With the proliferation of multicore, deep-sub-micron designs, the verification of clock domain-crossing (CDC) signals has become a critical step in the design process. Multicore devices incorporate an ever-increasing number of asynchronous clock domains and integrate many design IP blocks on a single chip; thus, full-chip CDC verification must deal with a wider variety of tricky synchronization schemes. Although many design teams have adopted automated CDC verification tools to handle this situation, several significant methodology challenges remain.
At AMD, we addressed these challenges by successfully developing a CDC verification methodology and adopting a CDC tool that supported a partitioned verification approach. This approach was necessary because our device combined both a multicore central processing unit (CPU) and a graphics-processing unit (GPU) on a single chip—known as an accelerated processing unit (APU), or what the company refers to as the AMD Fusion processor. Typically, verification of the GPU and CPU does not have to happen concurrently in a single tool flow because they occupy separate chips. However, in the case of the AMD Fusion processor, doing so became mandatory.

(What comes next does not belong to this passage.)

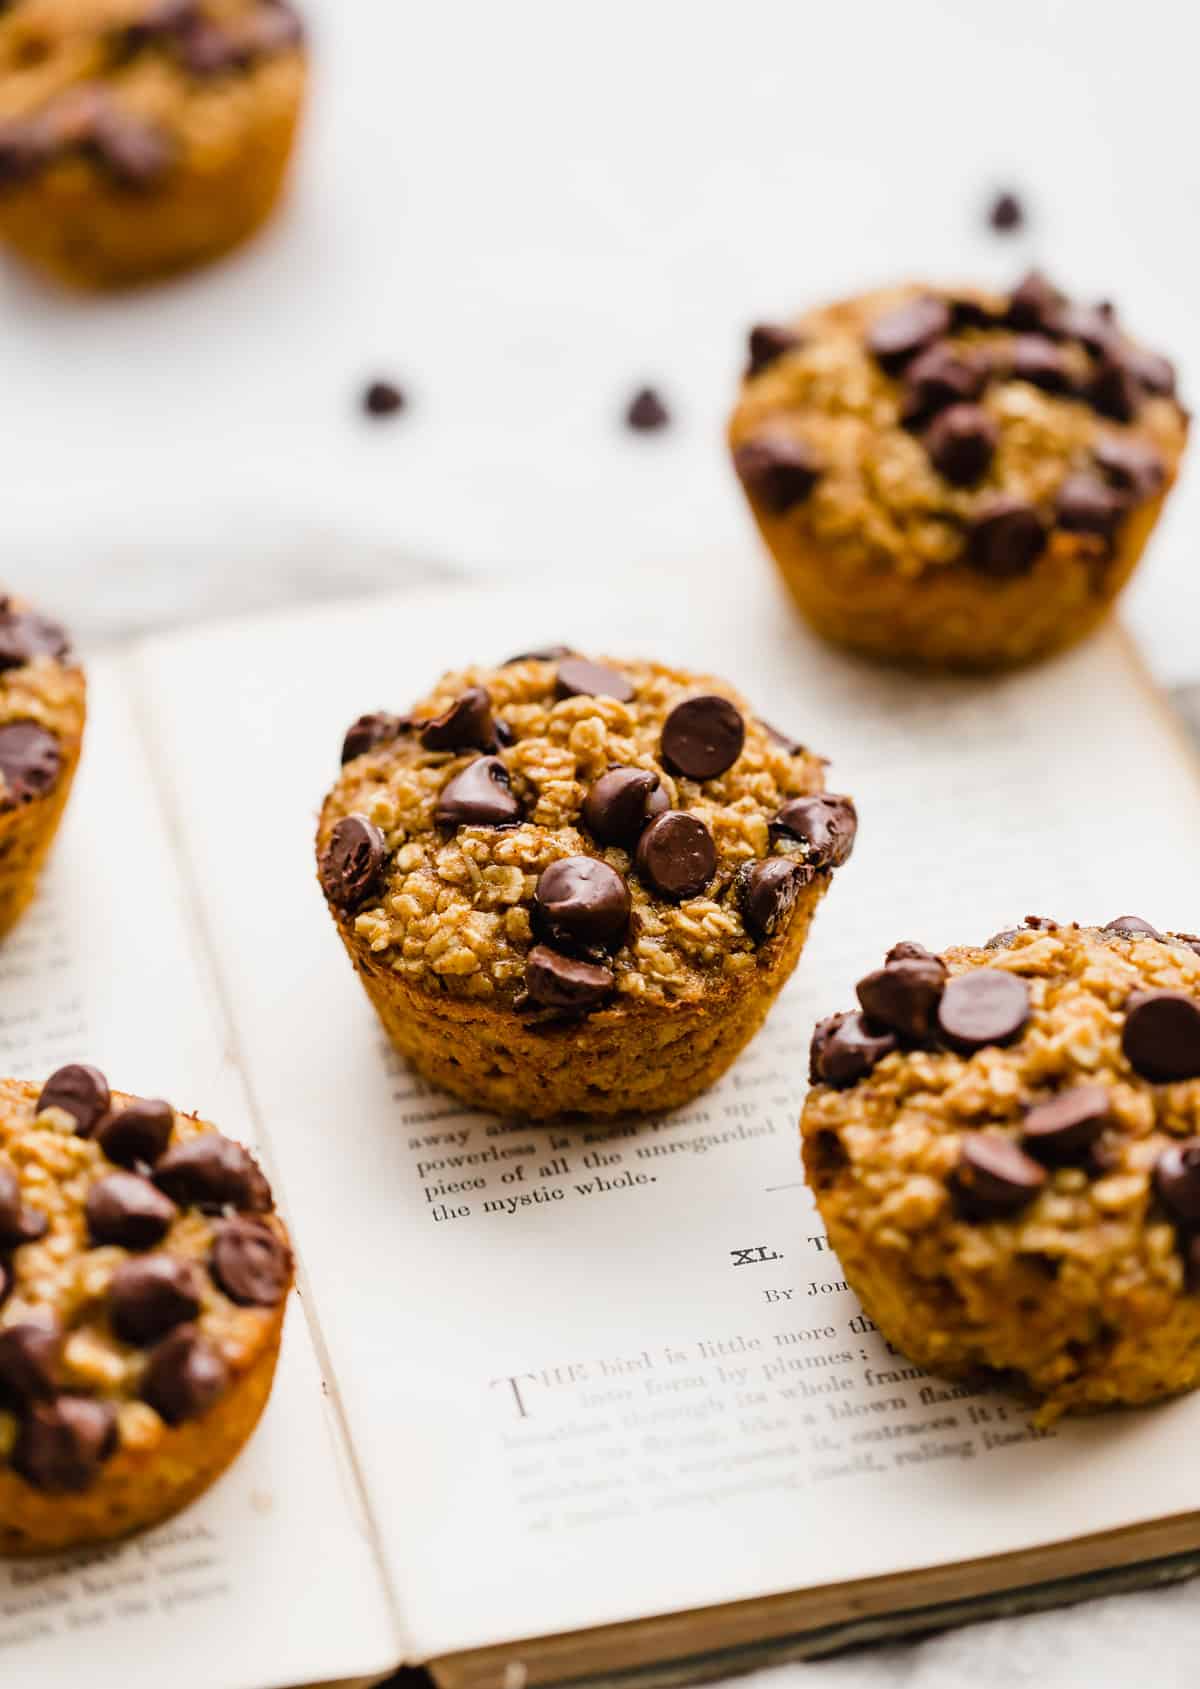 A Pumpkin Baked Oatmeal Cup topped with chocolate chips on a book.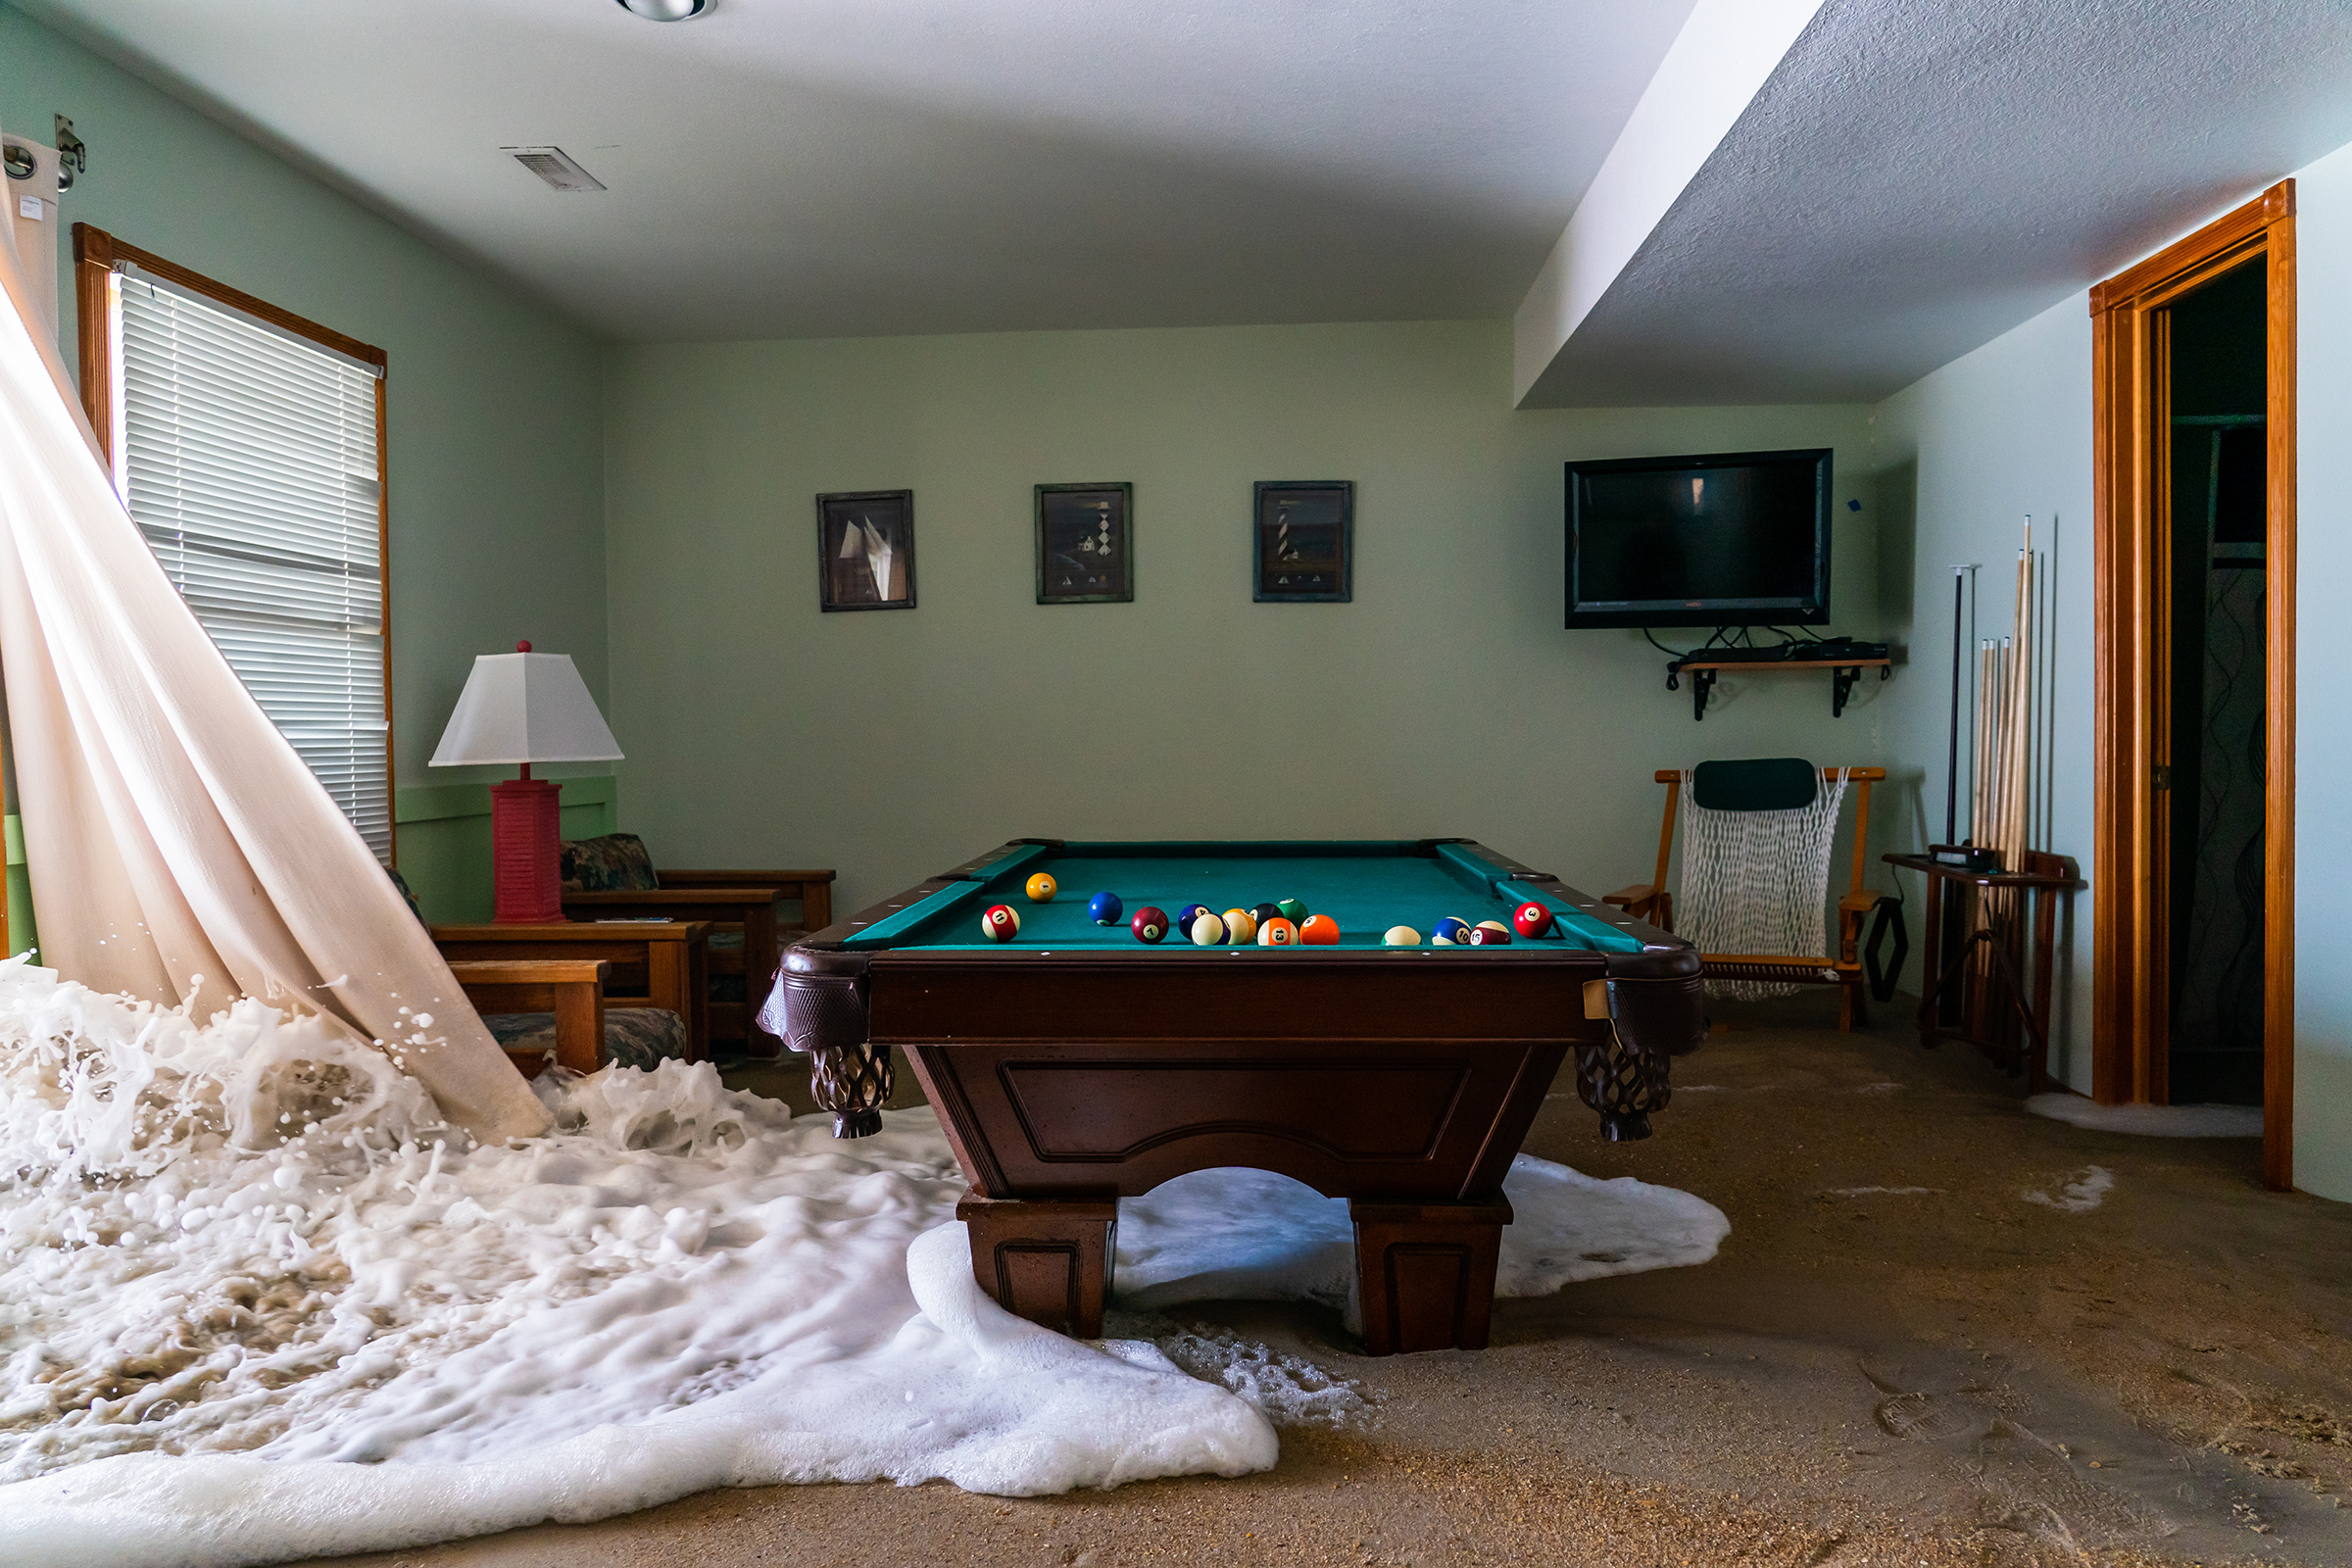 The Atlantic Ocean surges its way into a rental beach house in Avon, N.C., on Sept. 22. Hurricane Teddy was spinning just off the coast, causing higher than normal tides and tidal surges that were inundating lower-lying homes and rental properties.

To satisfy the wide spectrum of requirements imposed by such a high level of integration, we found the most effective RTL CDC verification methodology should include a standardized block-level flow, support for a wide variety of synchronization schemes, and a hierarchical approach. Beyond the RTL, our methodology recognized that CDC verification was not truly complete without avoiding common pitfalls at the gate level. We proved our methodology and tool choice in the case study described in this article, which demonstrated the effectiveness of both our RTL and gate-level CDC verification.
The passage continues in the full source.